The '86 Dancong was a strange one. The thing that was really off-putting about it was a kind of wet-storage odor (how's that for on-topic?) Imen has since told me a way to minimize this by rinsing and steaming, which I haven't tried yet, but we only gave it three steeps until my pseudonymous guest left. Later I brewed it maybe 10 more times, and it took on a lot of the character of a really good red tea. But it never tasted like a Dancong I would recognize.
geraldoxyz[info]geraldoxyz on December 25th, 2007 03:30 am (UTC)
Thank you, pseudonymous asoka1944 and Lew, for the lurid verbal depictions. I've spent the day with your descriptions bouncing back and forth in my brain.

I've heard from reliable sources that truly aged Wuyi takes on the characteristics of aged pu'er. I'll be eager to hear your reactions to the other aged Dancongs. I hope they are less wet and require no steaming.

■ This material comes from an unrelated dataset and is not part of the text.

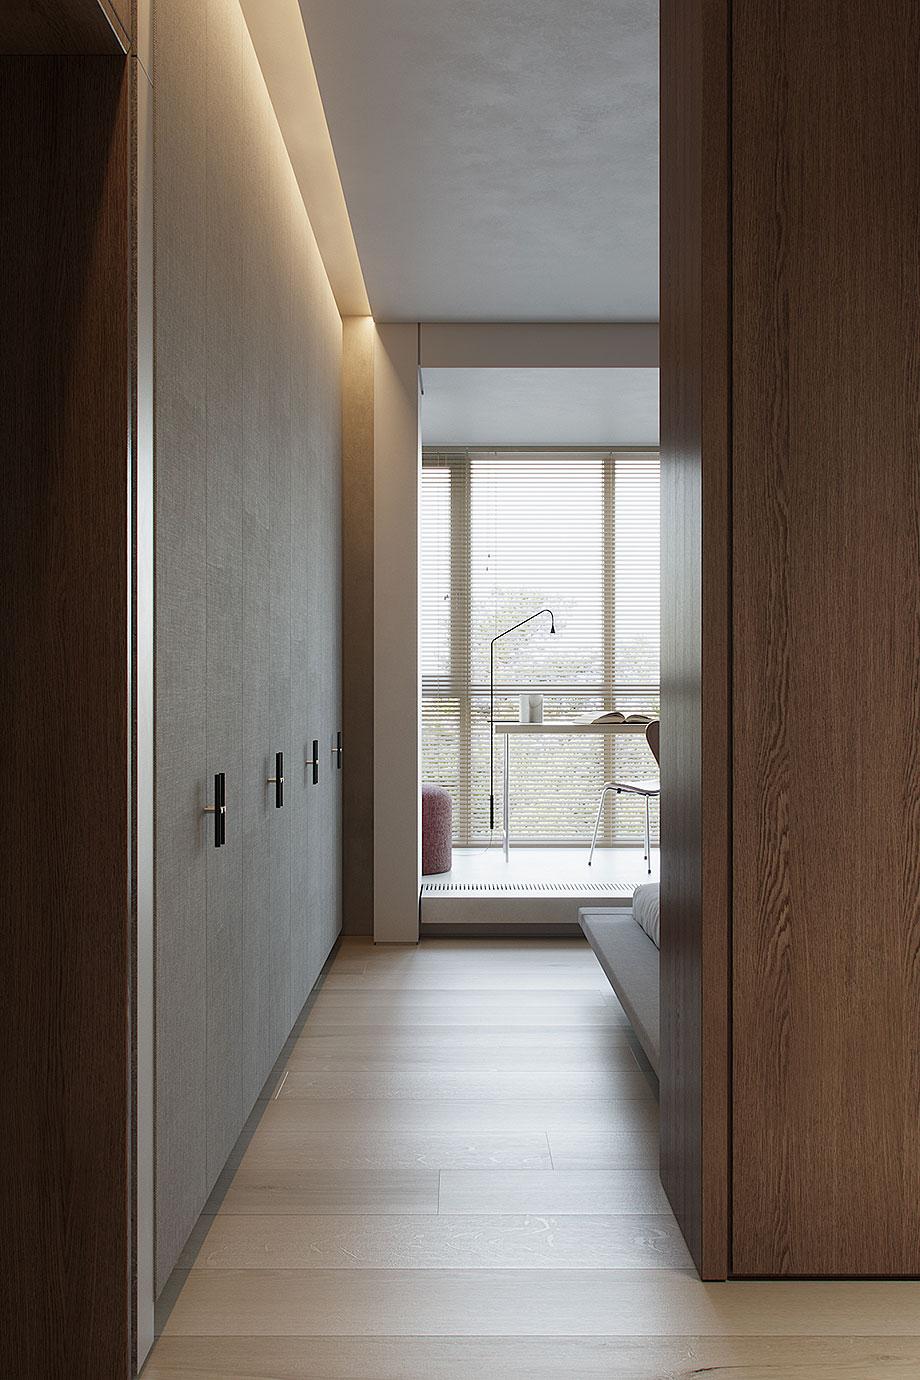 apartamento en moscu de kodd bureau (16) - foto daria koloskova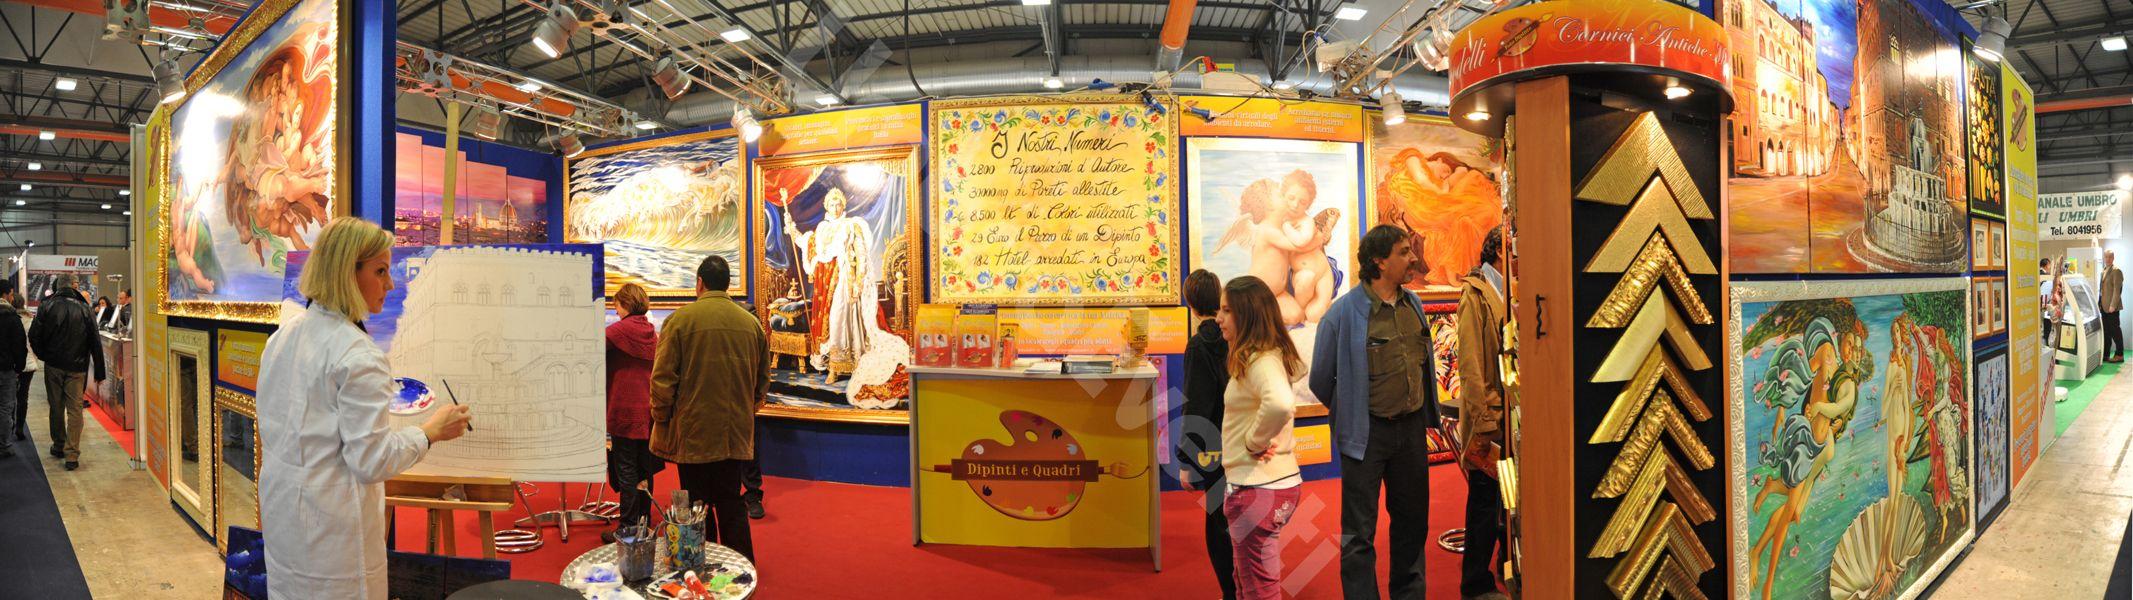 Expo Tecnocom - Bastia Umbra

Best to you on this Christmas Eve--
~geraldo
[info]asoka1944 on December 25th, 2007 12:56 pm (UTC)
Hi there,
Spelling ain't my thing, so thank zhi very much. I suspect my "rough" and "funky" alluded to your "wet stored," and I'm glad you discovered -- Imen guided you -- through a process to ameliorate the weirdness, but I guess we need to ask if it is worth the effort in this particular case. I agree about the Huang Zhi Xiang: It is indeed the best. In my case, not only the best, but quantum leaps above what I knew previously as "Dan Cong" of the Phoenix mountain range. Happily, just when you think you know it all, you discover how ridiculously untrue that is. The other two we drank were delightful and varied and complex, so there is much to explore.